Charles Barron has amassed $181,604 in campaign cash for his council run and won coveted union endorsements including from the city’s largest public employees union District Council 37. Barron said he has also secured endorsements from service workers union 32BJ SEIU, the Council of School Supervisors and Administrators, and progressive advocacy group New York Communities for Change.
But his opponents have their own impressive resumes and slates of backers.
Lucas previously served on Community Board 5 and as a district leader. She has been endorsed by Jeffries, who defeated Barron in a Democratic congressional primary in 2012, former Rep. Ed Towns, state Sen. Roxanne Persaud, the United Federation of Teachers, the Council of School Supervisors and Administrators, and District Council 9 of the International Union of Painters and Allied Trades.
Florentino has won progressive endorsements from the pro-gay rights group Stonewall Democrats of NYC, progressive organizations Make the Road Action and Citizens Action of New York and from United Auto Workers Region 9A.
They also have raised competitive sums. Including public matching funds, Lucas has raised $220,622 and Florentino has brought in $153,057.
Both would represent a generational shift from the Barrons: Lucas is 50 and Florentino is 39, whereas Charles Barron is 70 and Inez Barron is 75.
“Our community has suffered for decades through disenfranchisement, disinvestment and disregard,” Florentino, a first-time candidate, told City & State during an interview in April. He said he wants to bring “new voices to the table” who live intersectional experiences like himself and run campaigns that focus on “equity, justice, and transparency.”

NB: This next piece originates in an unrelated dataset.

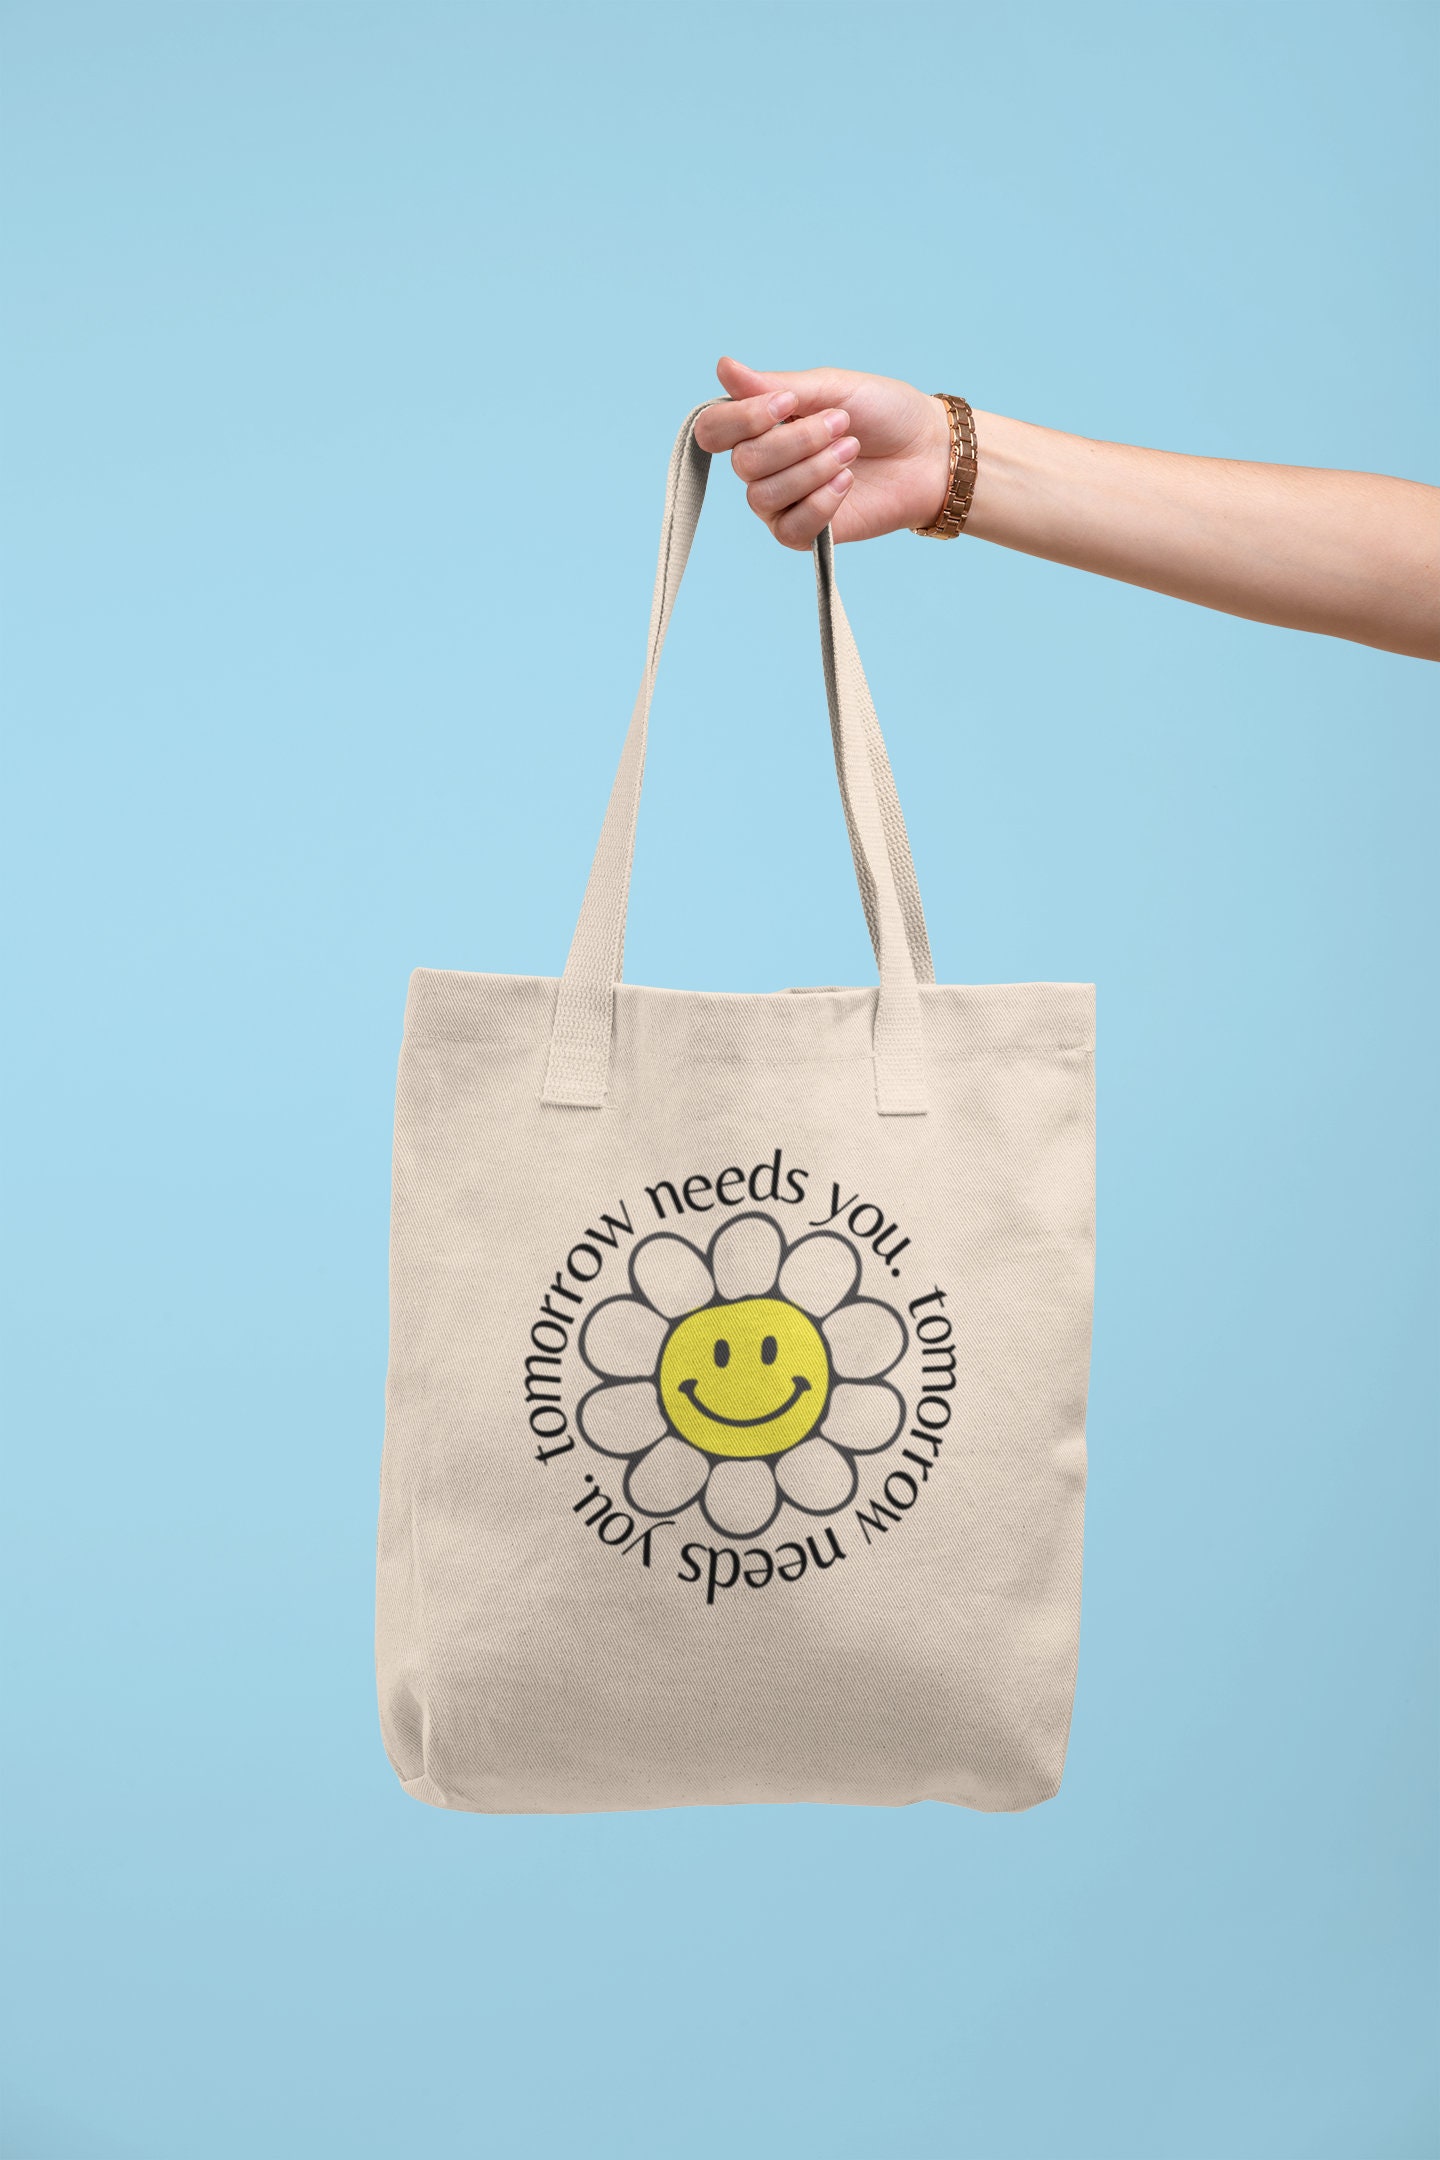 Tomorrow needs you trendy Tote Bag Beach Bag Shopping Bag | Etsy

Although the Brooklyn Democratic Party has not made an endorsement in the race and declined to comment when asked by City & State if it plans to, party boss Bichotte Hermelyn has quietly donated to Lucas’ campaign coffers, while Bichotte’s communications director Sabrina Rezzy donated to Florentino.

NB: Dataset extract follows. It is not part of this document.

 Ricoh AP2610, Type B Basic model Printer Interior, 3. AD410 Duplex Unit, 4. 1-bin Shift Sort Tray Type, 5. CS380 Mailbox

Lucas has previously tried to claim this seat. In 2013, she ran in a seven-way primary that was ultimately won by Inez Barron, and Lucas received just 6.7% of the vote. The same year she lost, she began organizing her Democratic club, which she said has grown to more than 250 members.
“(The Barrons) have been manipulating the system and people have been fooled … not even understanding the idea that they have been swapping seats for the past several decades,” Lucas told City & State in an interview in April. “No one has been seeing any real deliverables that folks are tired of it now. So they, I believe, have run their course.”
For now, political observers think it’s likely to be a close race but see Barron and Lucas as having the best shot at winning the seat. “It’s going to come down to Nikki and Barron. … I think that there are basically people that like the Barrons and people that don’t,” said a Brooklyn political operative who asked to remain anonymous to speak freely about the race. “There’s a bit of Barron fatigue and other elected officials and players in that district and beyond I think are also going to come out and support Nikki just for the purpose of it’s time for new leadership.”
Barron supporters say money and endorsements don’t matter in East New York – showing up does, which they say Barron has a well-earned reputation for in the community. Last Thanksgiving, Keron Allenye, a local community organizer who previously worked as an office assistant for Charles Barron, recalled that Barron spent the day making phone calls and getting food for families following a gas leak issue at Noble Drew Ali Plaza. “Those are things that people remember and that sort of name recognition is good in the ‘hood,” he said. “I really do think East New York is unique in that it really just comes down to who’s been doing the work and the work that people see.”